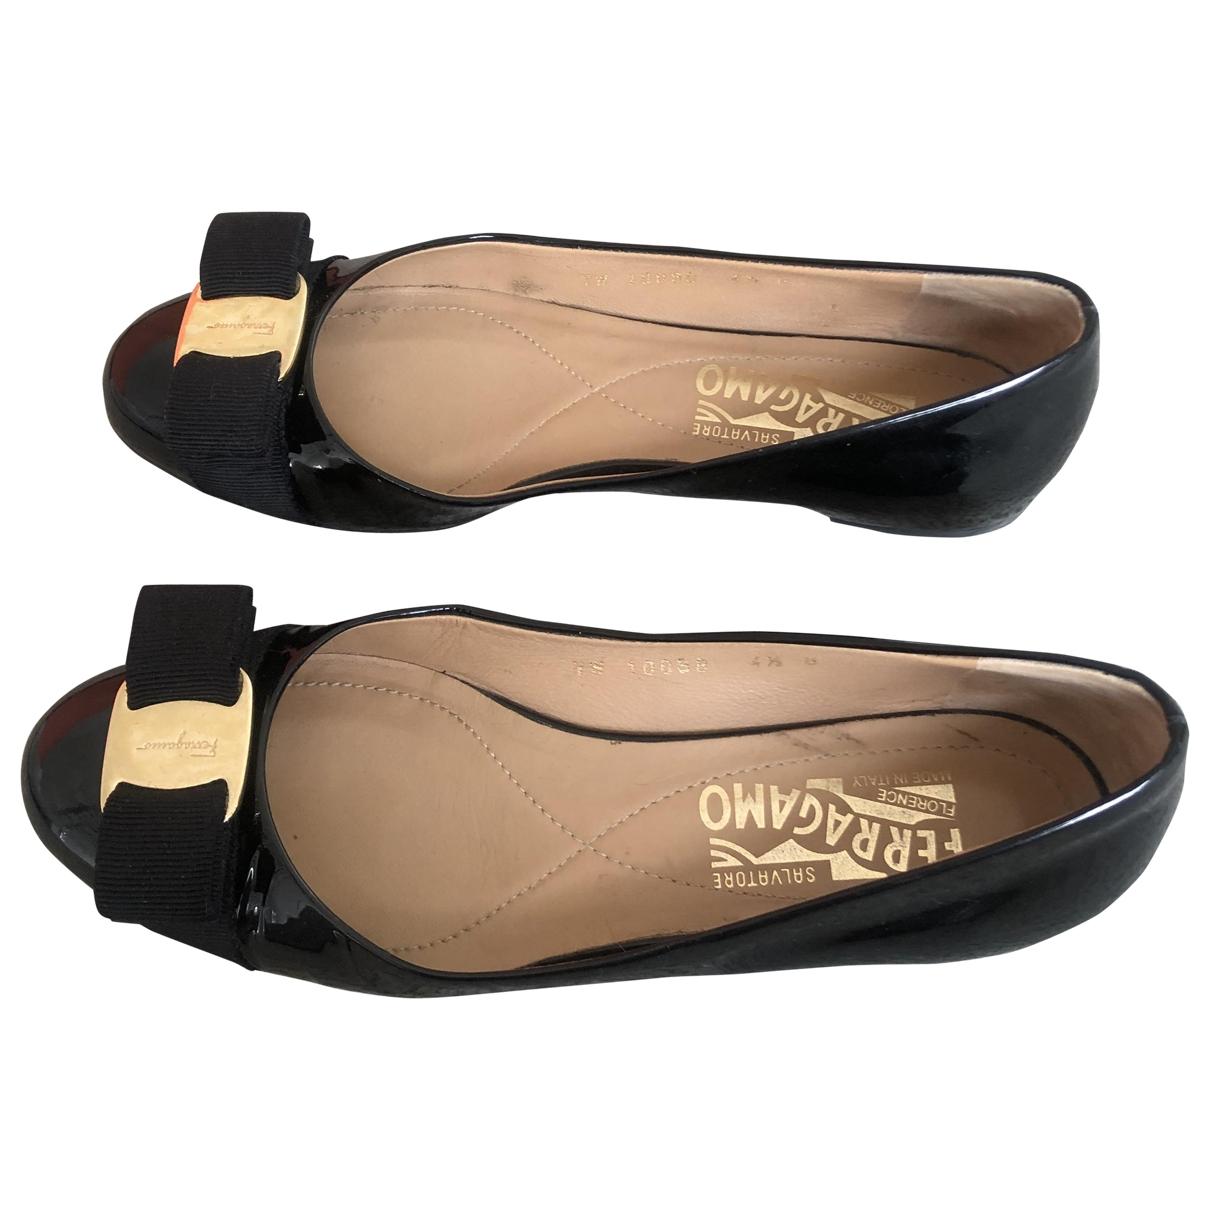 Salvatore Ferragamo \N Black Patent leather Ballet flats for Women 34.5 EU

****************************************

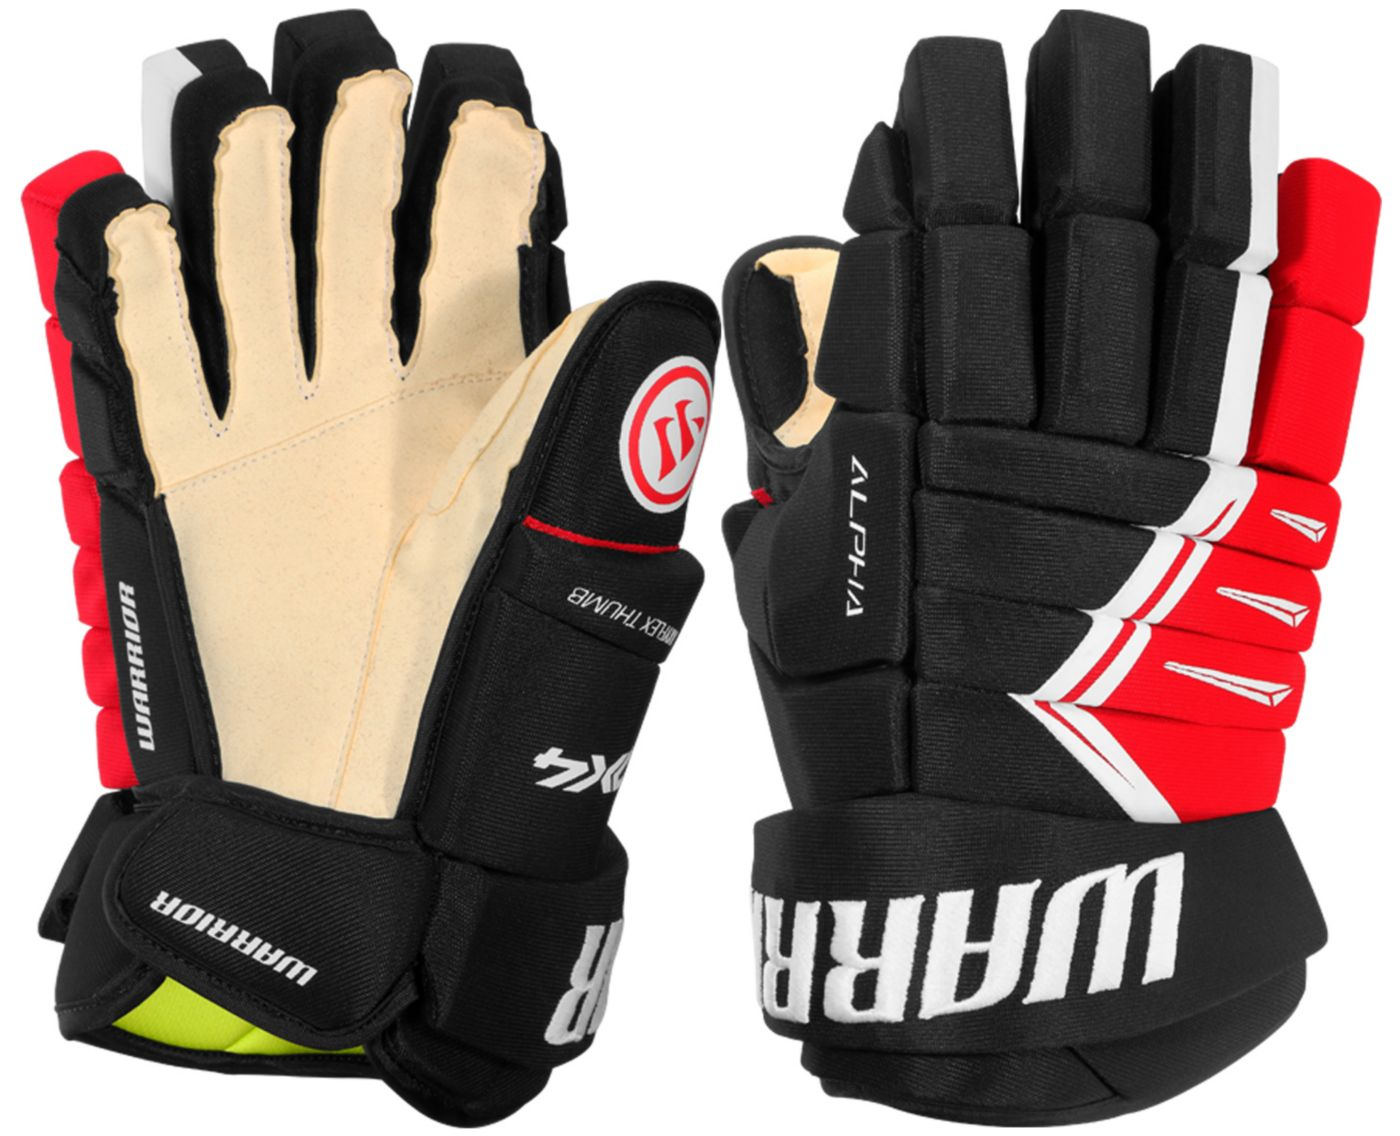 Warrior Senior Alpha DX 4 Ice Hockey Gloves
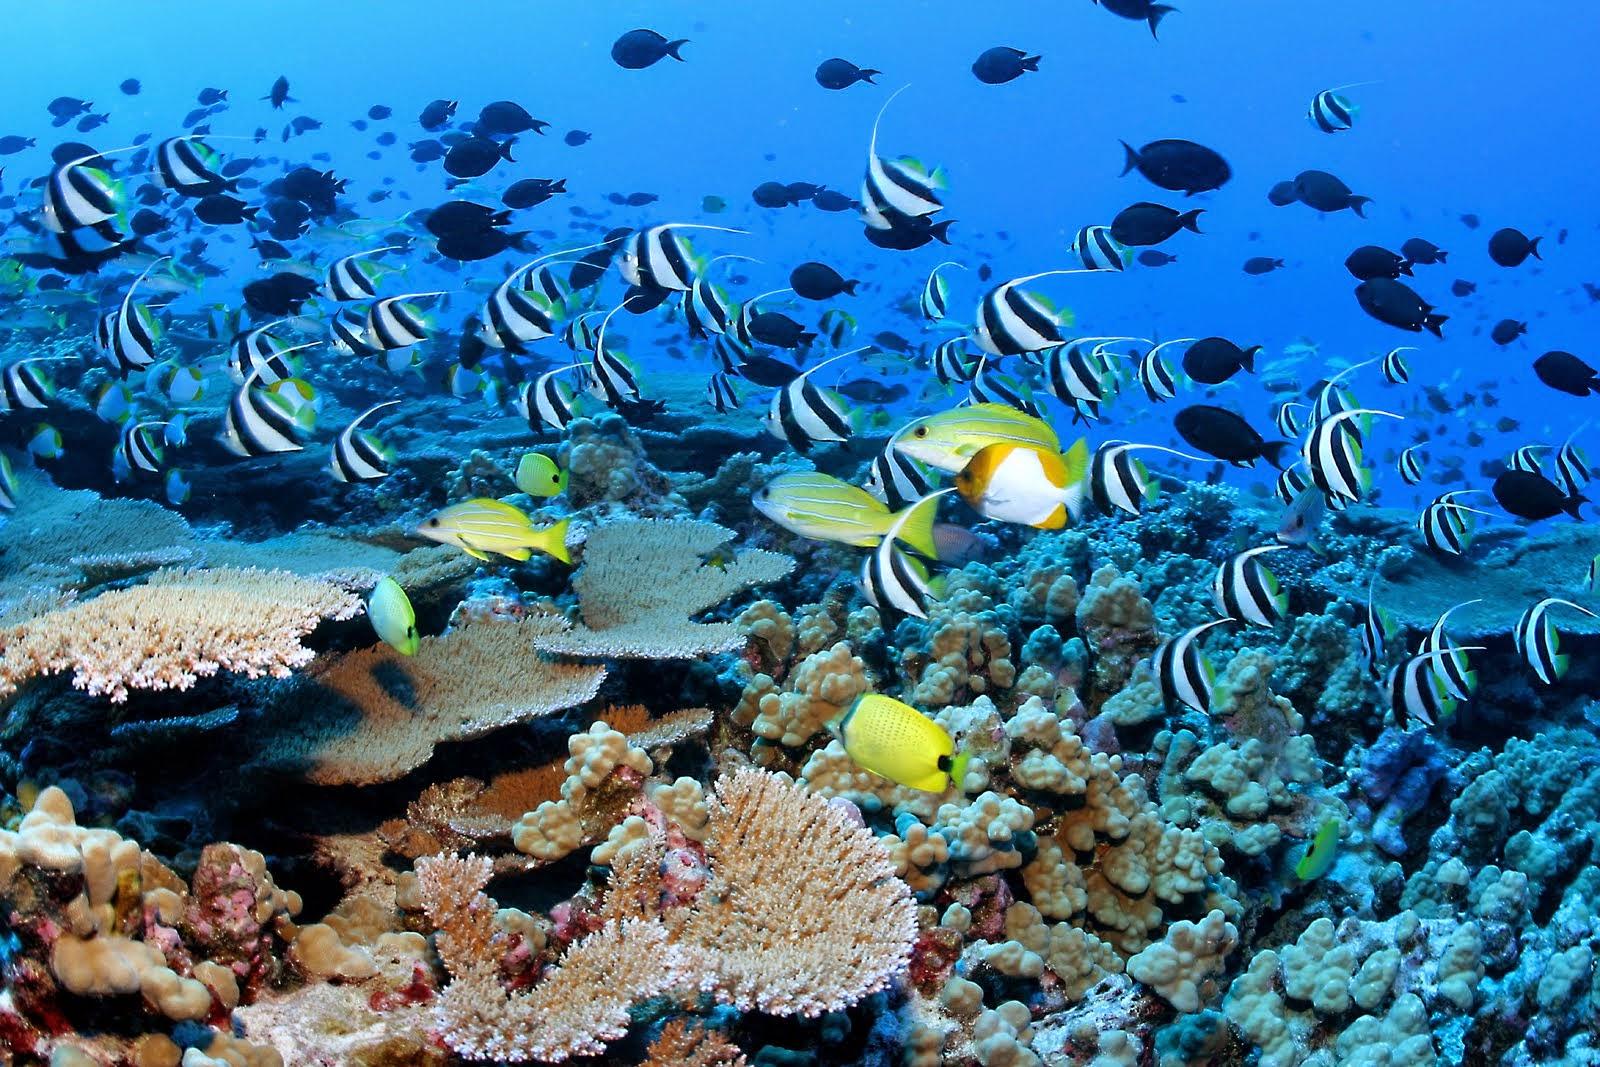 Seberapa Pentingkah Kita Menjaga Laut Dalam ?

****************************************

Assignment. Output exactly the lines of the listing above that start with the one holding "Warrior Senior Alpha DX 4 Ice Hockey Gloves" and go on through the one holding "Seberapa Pentingkah Kita"; leave the pictures out.

Result.
 Warrior Senior Alpha DX 4 Ice Hockey Gloves
 Seberapa Pentingkah Kita Menjaga Laut Dalam ?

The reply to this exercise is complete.